5.3 DOCUMENTATION TO ACCOMPANY EACH BATCH. In conjunction with each
Batch of Product that it ships, Pharm-Eco shall provide LSC or the applicable
LSC Designee with the lot file, including, but not limited to, a Certificate of
Analysis, a Batch Record, any Deviation Report(s), any applicable Materials and
Product test reports, a Materials Safety and Data Sheet, and a certificate of
compliance (the "CERTIFICATE OF COMPLIANCE") certifying that such Batch has met
all of the Product Specifications.
5.4 INVENTORY IN QUARANTINE. LSC may request in writing that Pharm-Eco
ship a Batch of Product from Pharm-Eco's inventory in quarantine, prior to the
issuance by Pharm-Eco's quality assurance department of an appropriate
Certificate of Compliance; however, LSC agrees not to introduce any such Product
into interstate commerce until the receipt of a proper quality control release
applicable to the Product. LSC shall indemnify and hold Pharm-Eco harmless from
any and all losses, damages, claims, or costs, including reasonable attorney's
fees, which Pharm-Eco may suffer or incur prior to Pharm-Eco's providing a
Certificate of Compliance with respect to such Product as a result of and
arising out of the shipment or use of such Product pursuant to the request of
LSC hereunder.
5.5 INSPECTION, ACCEPTANCE, AND REJECTION OF PRODUCT.
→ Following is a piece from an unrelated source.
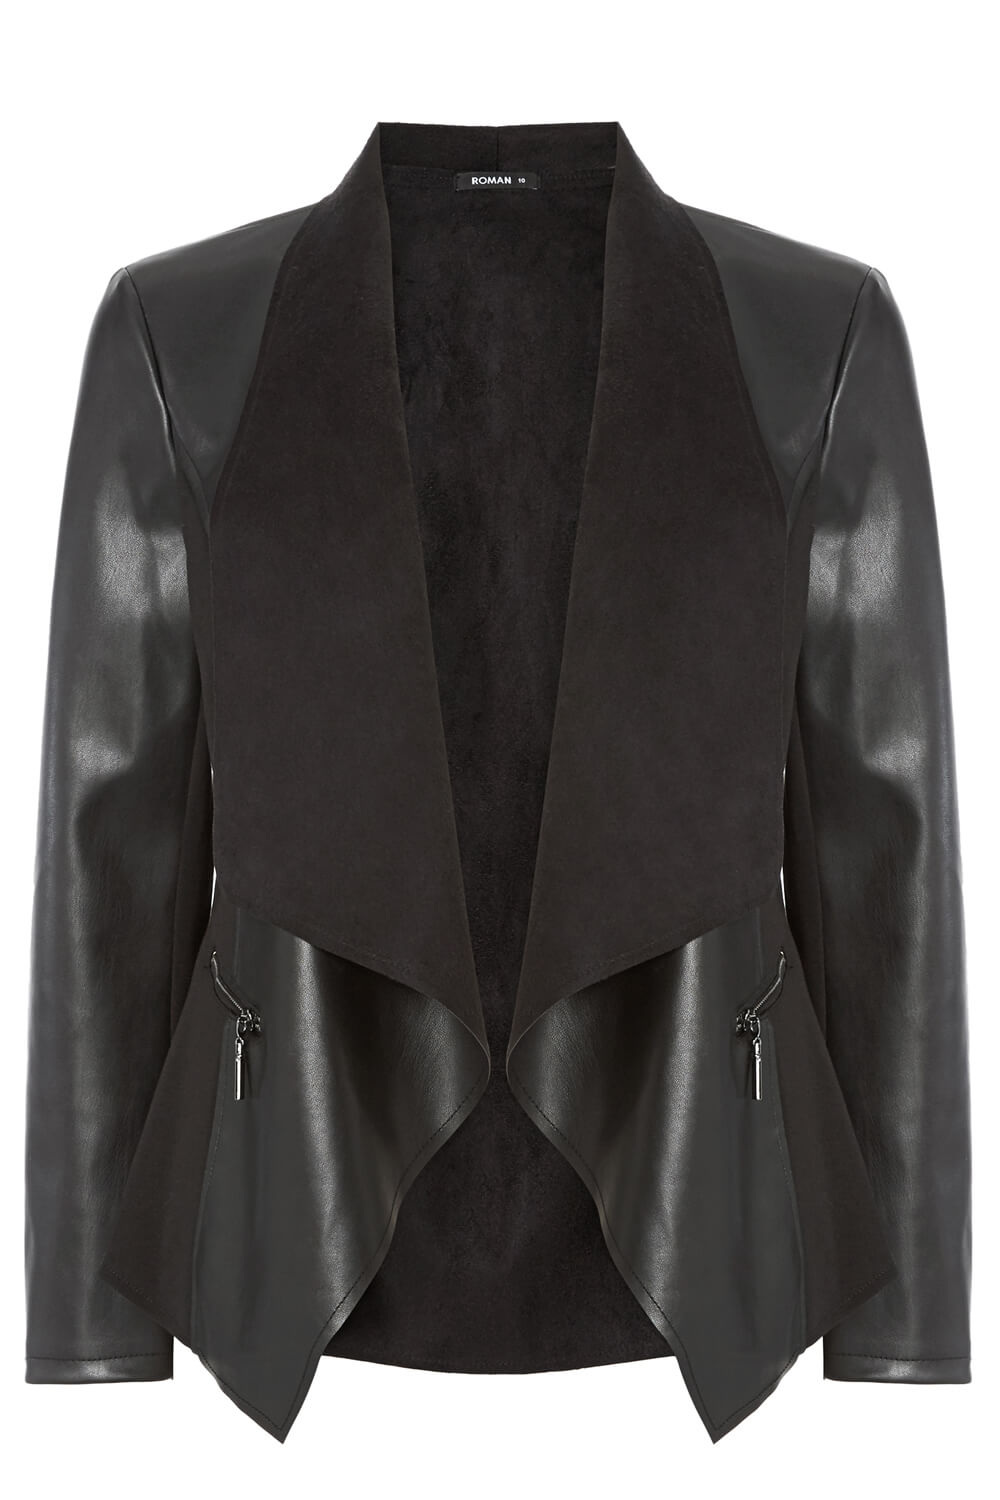 Black Faux Leather Suedette Waterfall Jacket, Image 5 of 5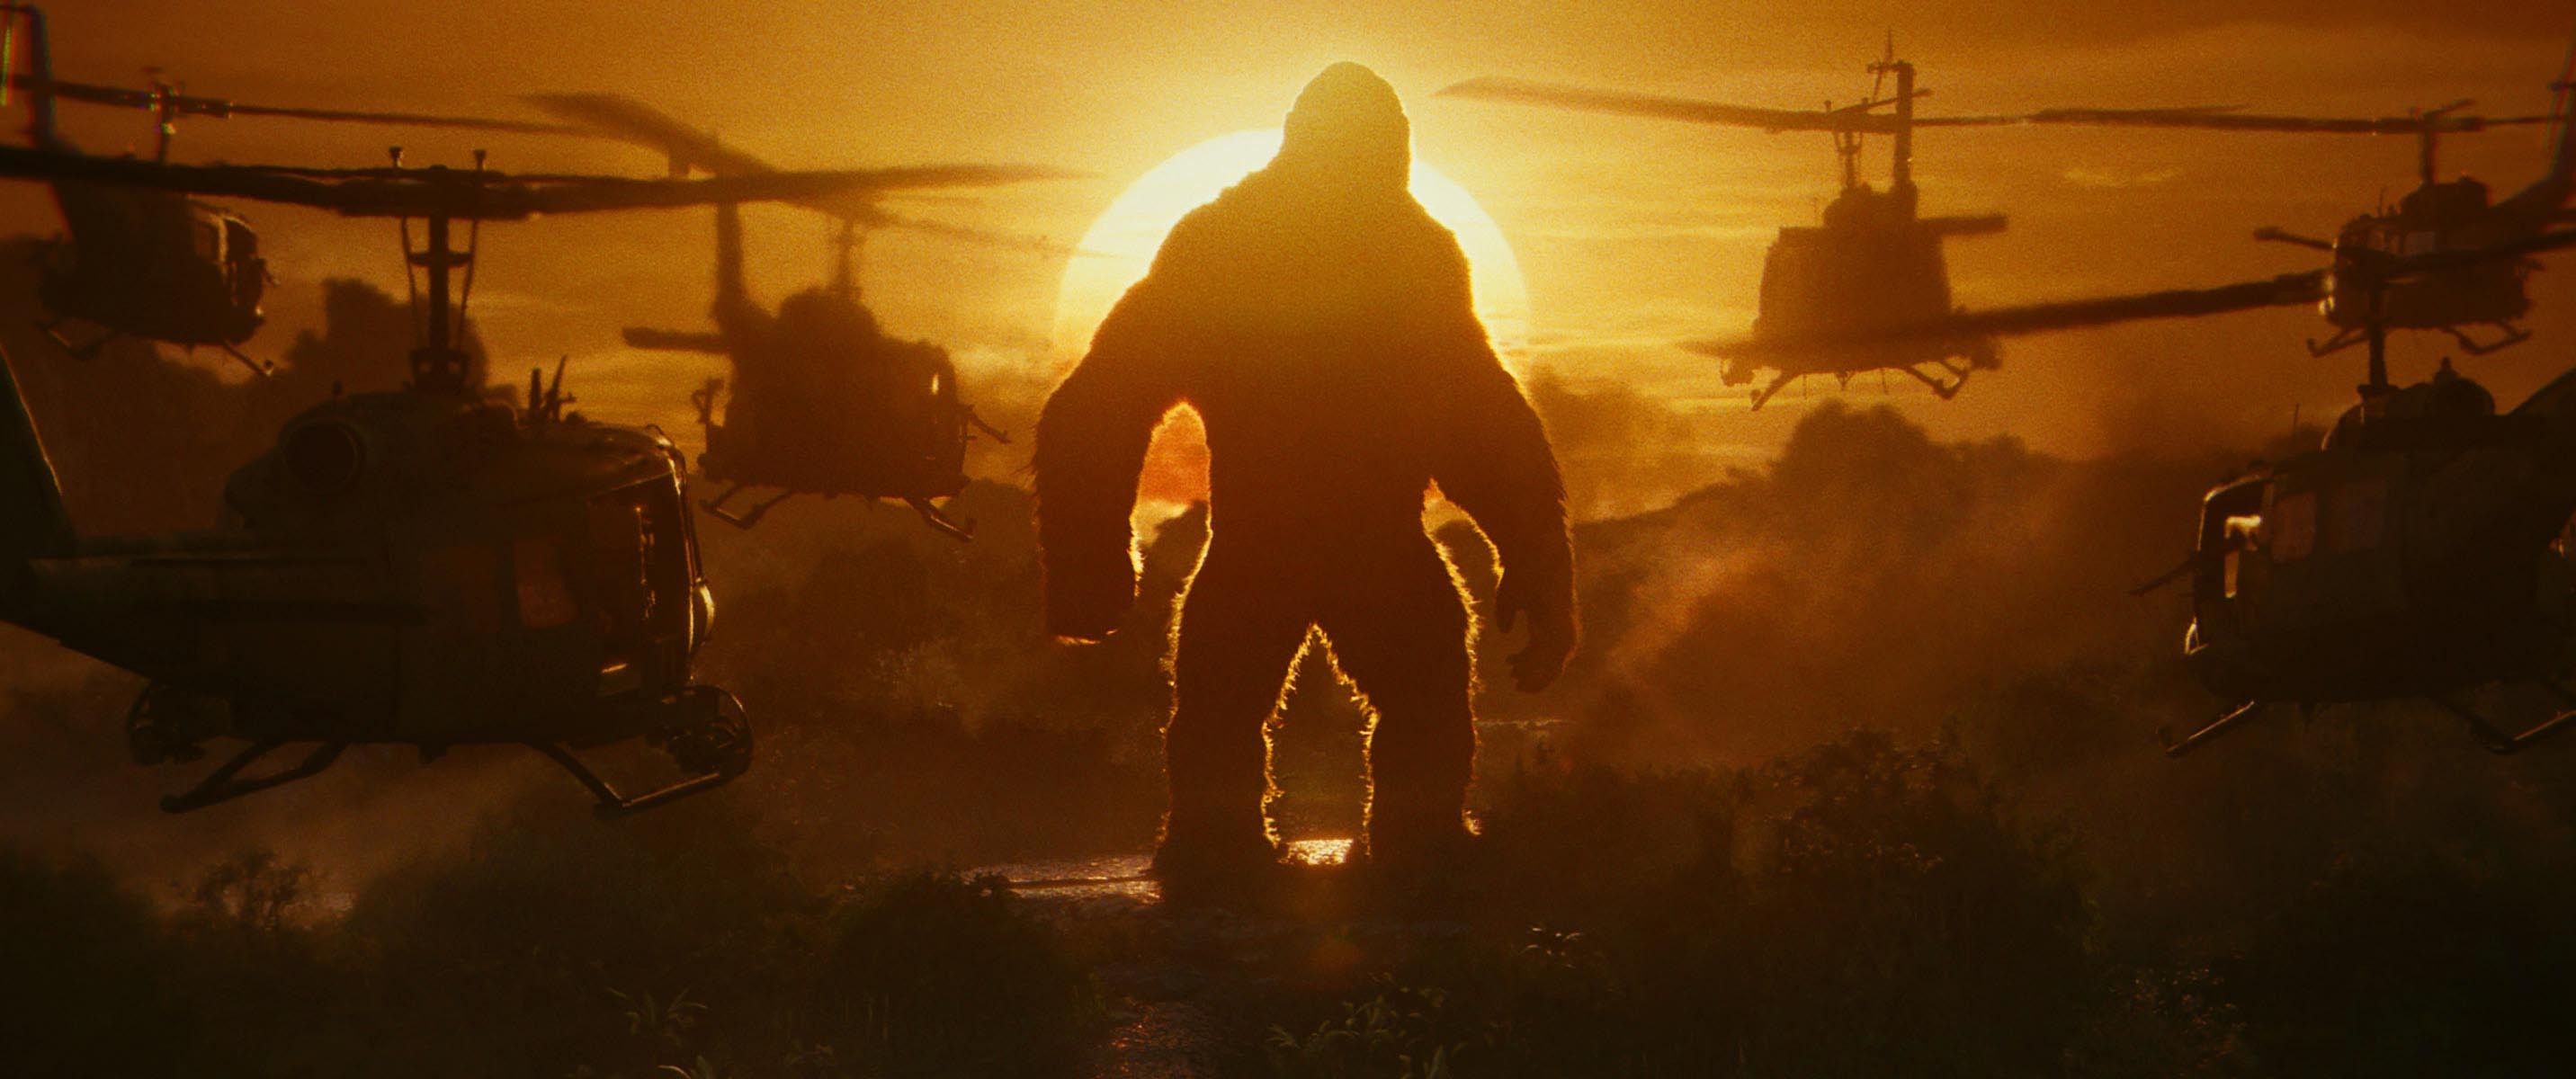 Kong Skull Island 4K Helicopter Wallpapers

5.5.1 Inspection. LSC or an LSC Designee may, at its option,
inspect a Batch upon receipt thereof. Such inspection may include, without
limitation, a quality control analysis to determine whether the Batch meets the
requirements of this Agreement, including without limitation the Product
Specifications and the Certificate of Compliance corresponding to such Batch. At
LSC's expense, LSC may use contract facilities to conduct such analysis.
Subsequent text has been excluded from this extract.